Thursday, August 22, 2019

The Cambridge-to-Canterbury Chronicles (Qty: 50)


I've officially been home from an amazing British excursion for almost two weeks. I miss that land of my forefathers so much right now! (Can I please just go back?) I know I need to chronicle the noteworthy events of my time there, so here goes. We'll see how many items I end up listing:

1) Alison's friend back in the States sends her an article. And sure enough, that WAS the exact day that Alison entered the United Kingdom.


2) Alison is trapped inside King's Cross/St. Pancras for plural hours with absolutely no merciful air conditioning, is visibly glistening in great, unfortunate odorousness as she waits at the turnstiles surrounded by the body heat that exudes from the several hundred British humans who are crowding in around her, because they too are desperate to get through the turnstiles and down to the platforms, but sadly the trains are ALL delayed quite badly. But Alison's train is thankfully the first train to finally arrive. This was an adventure, indeed, and a smelly one at that.

King's Cross Station on that freaking hot day. St. Pancras was the place across the street that had all the revolting body heat.
3) Alison completes the 20-hour journey that spanned from her own front door back at home, to the front door of her Cambridge Airbnb. By the time she got to her destination, the record-breaking heat of the day was miraculously dissipating, and sweet, sweet rain started to fall.


4) Alison seeks and finds the headstone of C.E. Brock, the hippest book illustrator during the turn of the 20th century. Look him up, yo.


5) Alison finds the ultimate oldest building in Cambridge: St. Bene't's. It was built exactly at the midpoint between Christ's physical presence on earth and my physical presence on earth. This church building is symbolic of my reaching out to Him, His reaching out to me in return, and Him and me meeting in the middle. Reconciliation.

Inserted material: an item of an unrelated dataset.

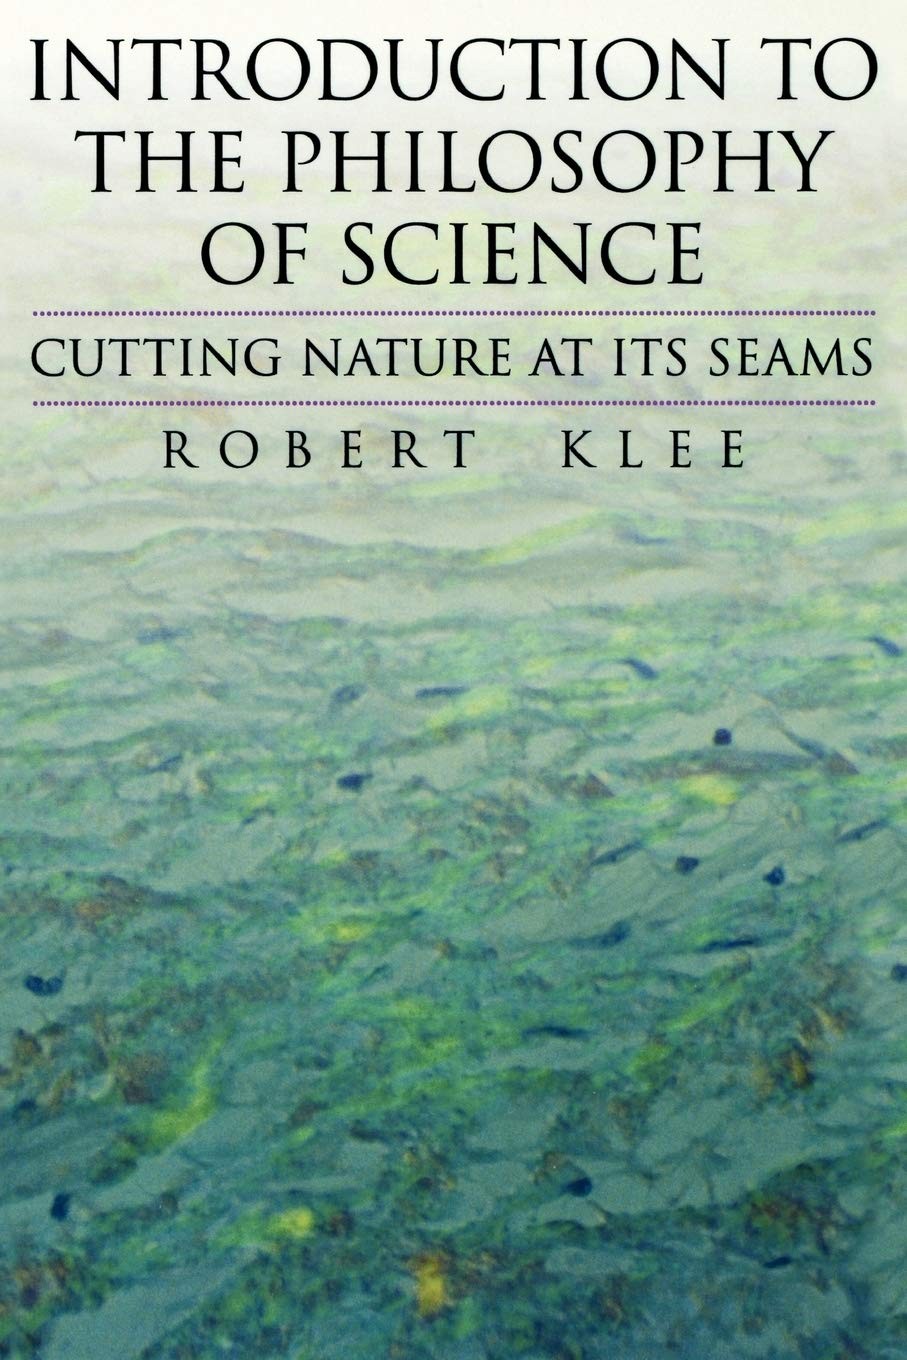 Introduction to the Philosophy of Science: Cutting Nature at Its Seams

6) Alison stands outside the very college that Tom Hiddleston attended, daydreaming that he'd actually materialize at her side from right around the corner because he wanted to visit his alma mater, but alas, reality is real. Sadly.

Photo of Tom Hiddleston reciting the digits of pi. Look up that YouTube video. You won't be disappointed.

Okay fine I'll show it to you myself:


7) Alison is surprisingly able to find her own secluded spot for some quiet reflection time. Little St. Mary's Church. She sits down on a pew next to a little statue of the Good Shepherd with a lamb. A tiny candle had been lit immediately adjacent to said statue. Alison picks up hymnal and reads through some of the songs. Alison offers a prayer to Heavenly Father, thanking Him for watching over her on this trip and also throughout all her life.


8) Alison is kicked out of Airbnb two full hours before she is allowed to check in at the Summer School, and it's raining and her once-pretty hair is going insane and she's forced to lug her big fat roller-suitcase (with a broken wheel, mind you) around with her to and fro across town for at least a couple of miles. To kill some of the time, she and all her gear sit peacefully inside a bright, quaint coffee shop wherein she bought orange juice and the European version of BLT.

9) Alison not expecting to get hugged so wholeheartedly by King's Singers Pat and Johnny, as the warmest, kindest greeting that anyone could possibly receive when first checking into the Summer School at the beginning of the week. SWEETHEARTS. Each and every one of those King's Singers is an utter, complete sweetheart, and it was proven time and time again throughout the course of the whole week.

10) Alison learns that her individual group's mentor is KS baritone Chris. That was the first day. On that first night, Alison has a dream and Chris is in it. In the dream, Chris tells Alison, in the nicest way possible, that Alison is a horrible sloucher and has the worst stage presence out of anyone in the whole Summer School. THE VERY NEXT MORNING, Alison and MoTab friend Jenny are at the breakfast table in the buttery, and CHRIS (FROM HER DREAM) SITS DOWN NEXT TO THEM, and Alison can't help but confess this dream to him, and he thinks it's super funny.


11) But then Alison proved to obviously NOT have the worst stage presence out of everyone, because the girlfriend of the OTHER KS baritone, Nick, came up to Alison on the last night and told her that she loves watching Alison sing because she has such a pleasant look on her face all the time. WOW! That was so sweet of her to say!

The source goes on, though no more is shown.